Consider love. Consider the visceral, embodied memory of lost love in Danae Younge’s “Bird ● Bones,” “like a marrow toothpick in my palm,” or that brief glow of momentary reunion in Zachary Slingsby’s “Horse Graves.” Consider the fuzzy dissonance of love in Rebecca Watkins’s “Blonde Sugar,” or its elusiveness in a tender portrayal of queer community in the late 1970s. Consider the love we hold for our families, both the ones we build ourselves, and the ones we grew up with, like the proud, resilient father in Kathryn Bratt-Pfotenhauer’s “Russian Interlude.”
Joy. Pain. Love. These are just three of the words that bounce throughout Touchstone 2022. There are many more to encounter.
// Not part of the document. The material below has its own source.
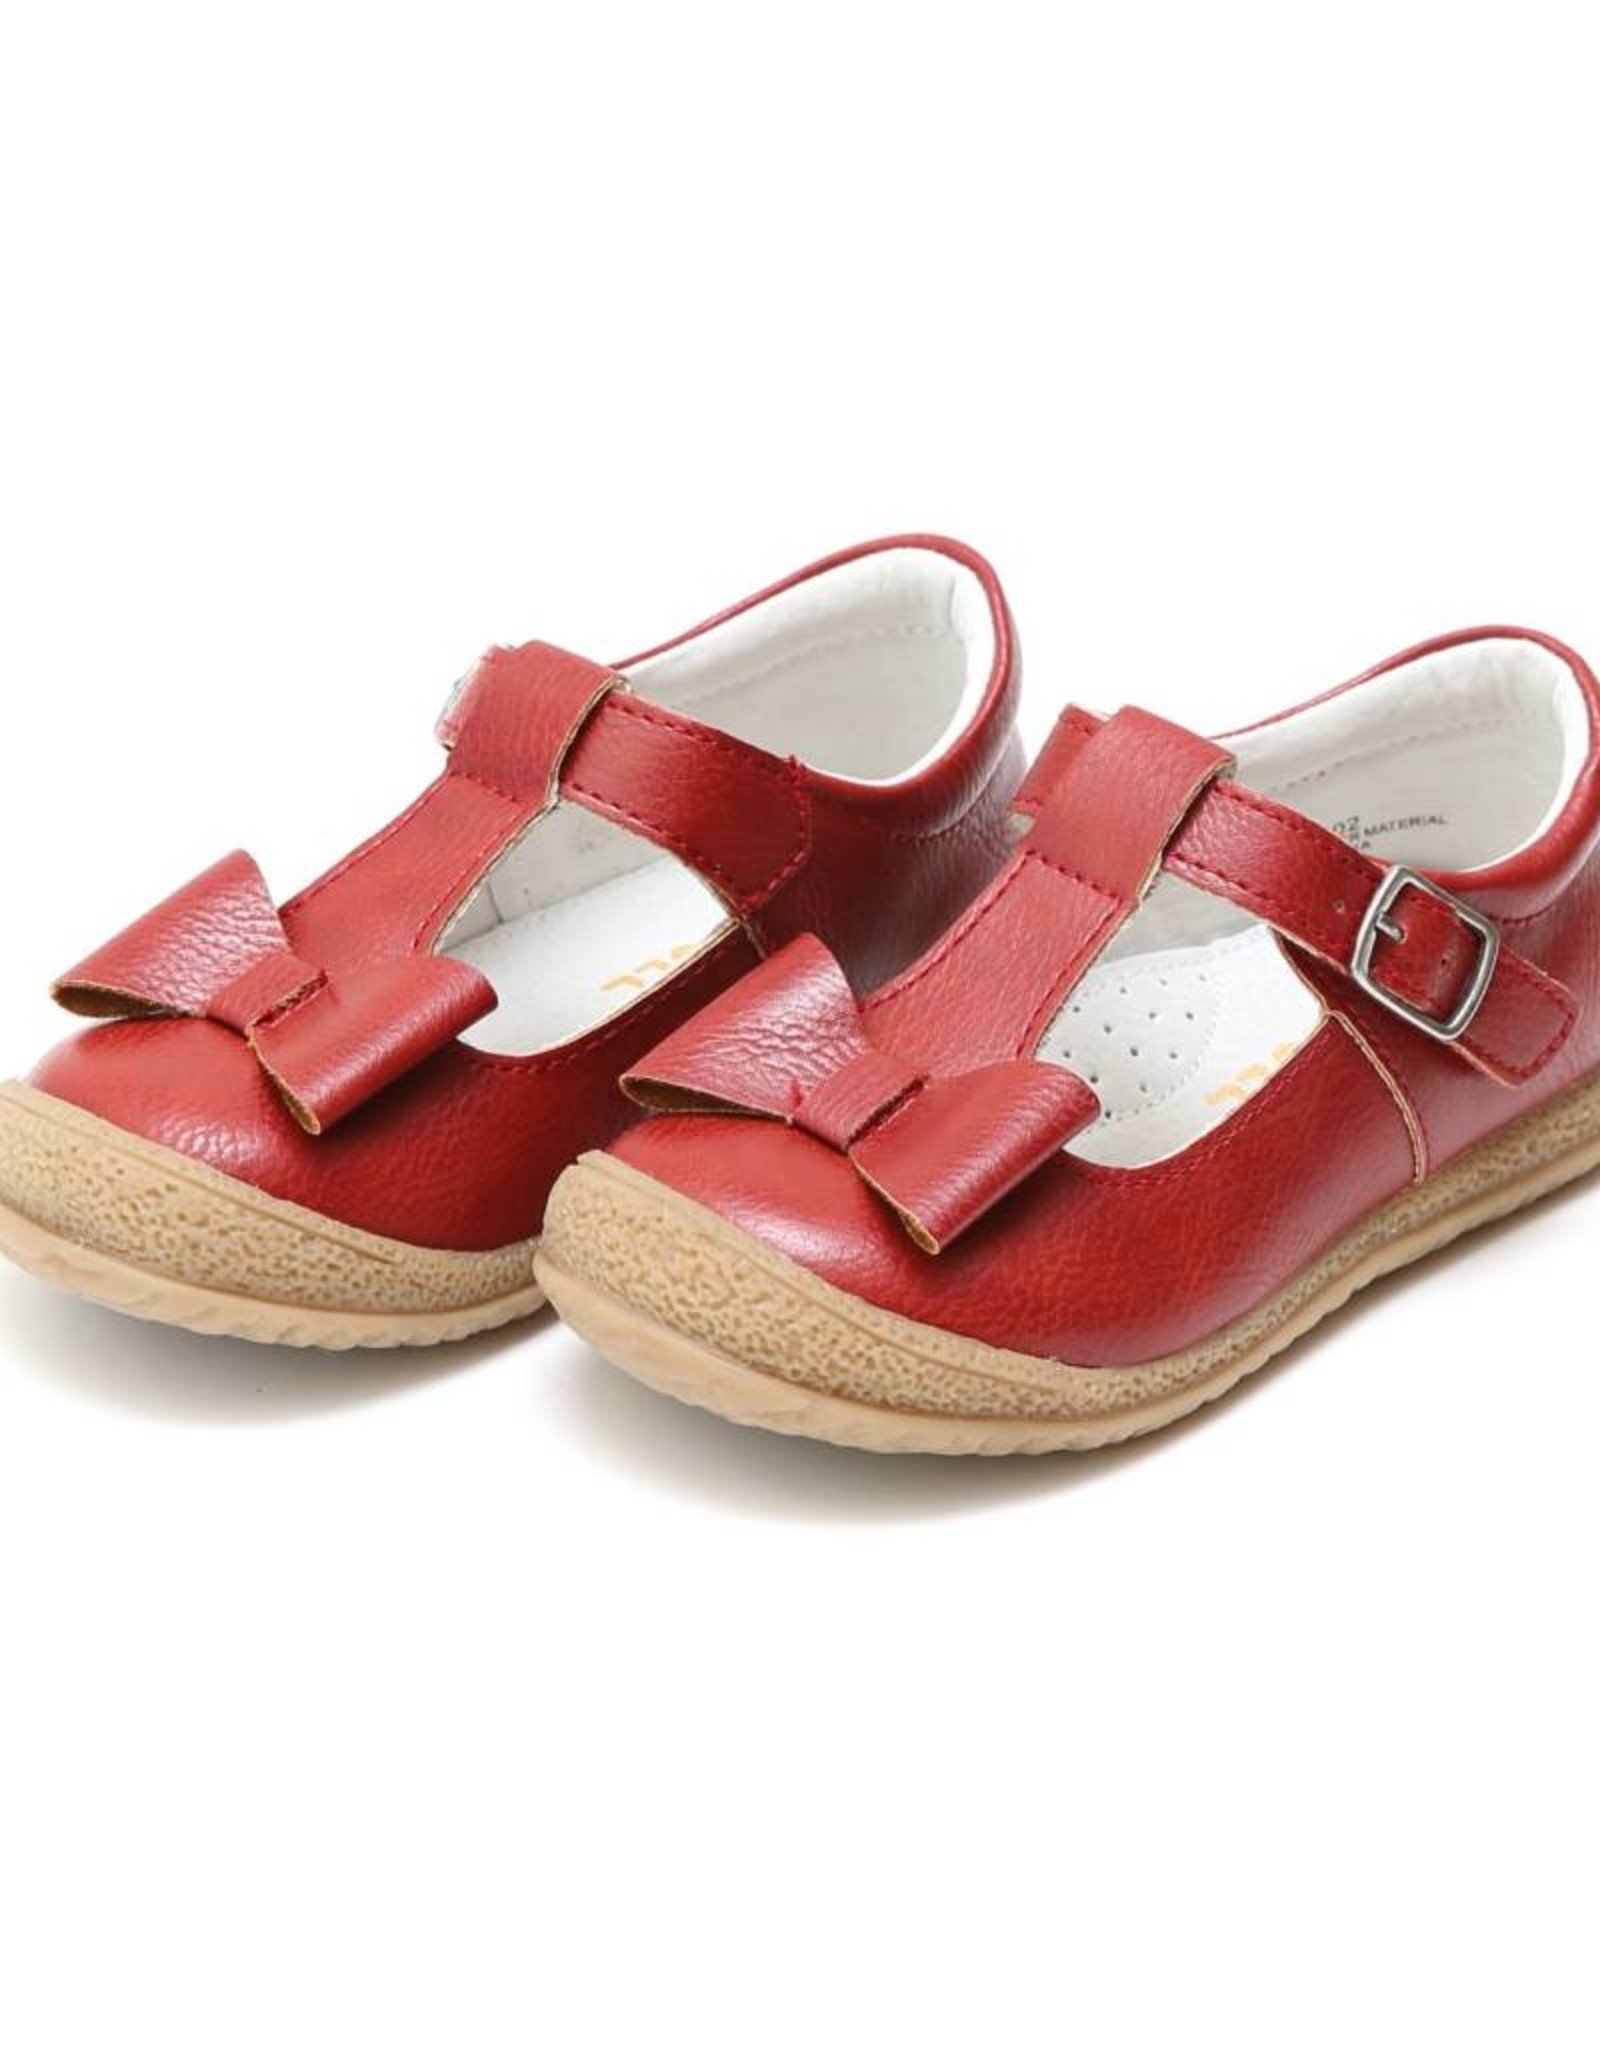 L'AMOUR Emma Autumn Bow T-Strap Mary Jane in Red
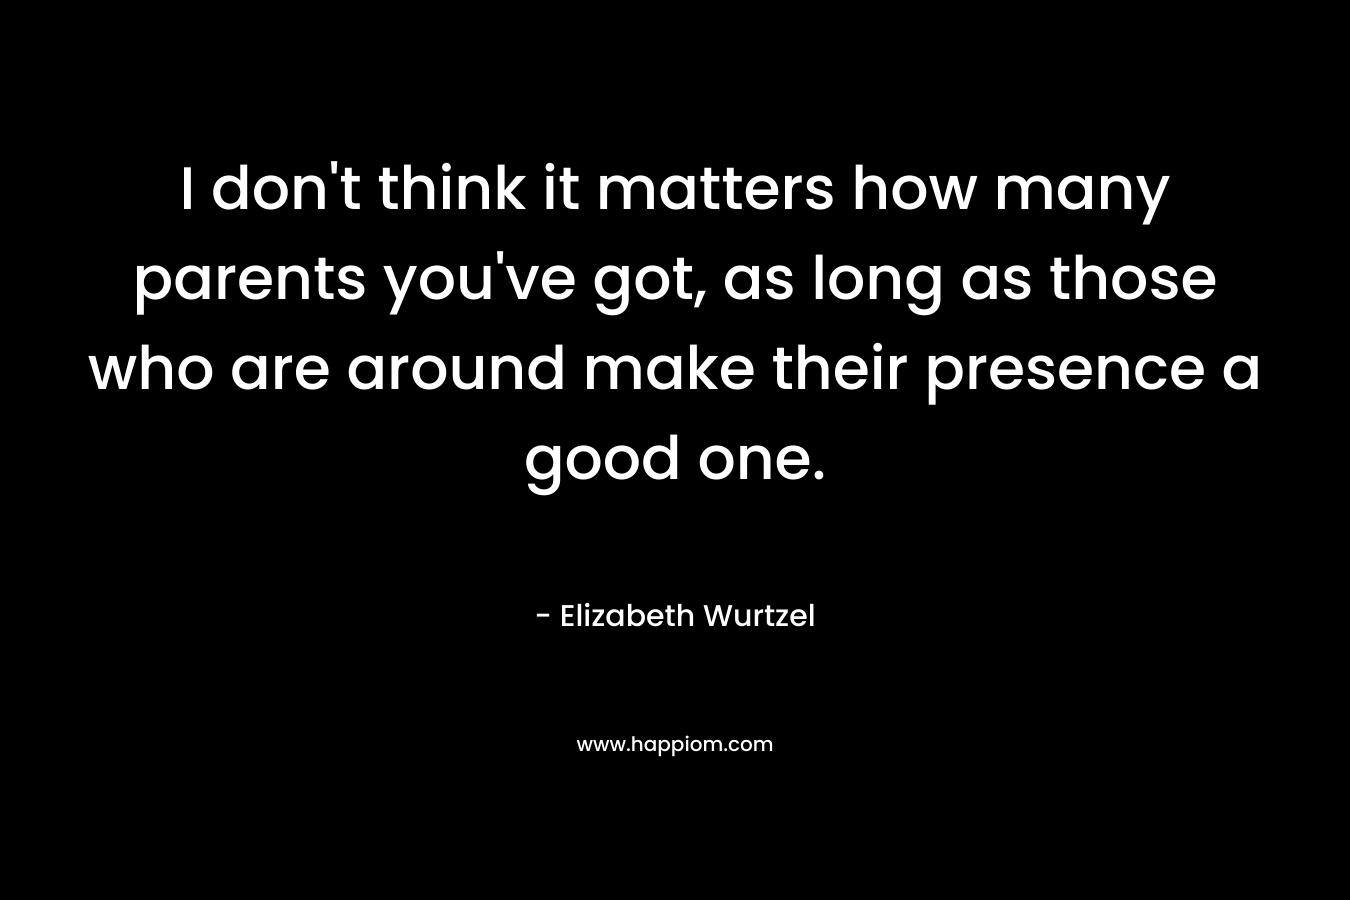 I don’t think it matters how many parents you’ve got, as long as those who are around make their presence a good one. – Elizabeth Wurtzel

While you’re searching, be sure to spend a few minutes with the art we’re featuring in this issue—the works, including our cover art, Diamante Lavendar’s “The Illusion of Control,” are just as rapturous as the writing they accompany. And, of course, please don’t forget to celebrate the burgeoning talent on display from the undergraduates at our very own Kansas State University.
Here we are at another ending, one that is entirely too bittersweet. The funny thing about endings, however, is that they are anything but. We’ve all heard the clichés: one book closes, another opens, and I have so many books to read! And you, dear reader, have an issue bouncing with words before you, waiting (somewhat impatiently) for you to begin.
Here we are at another beginning. Hello.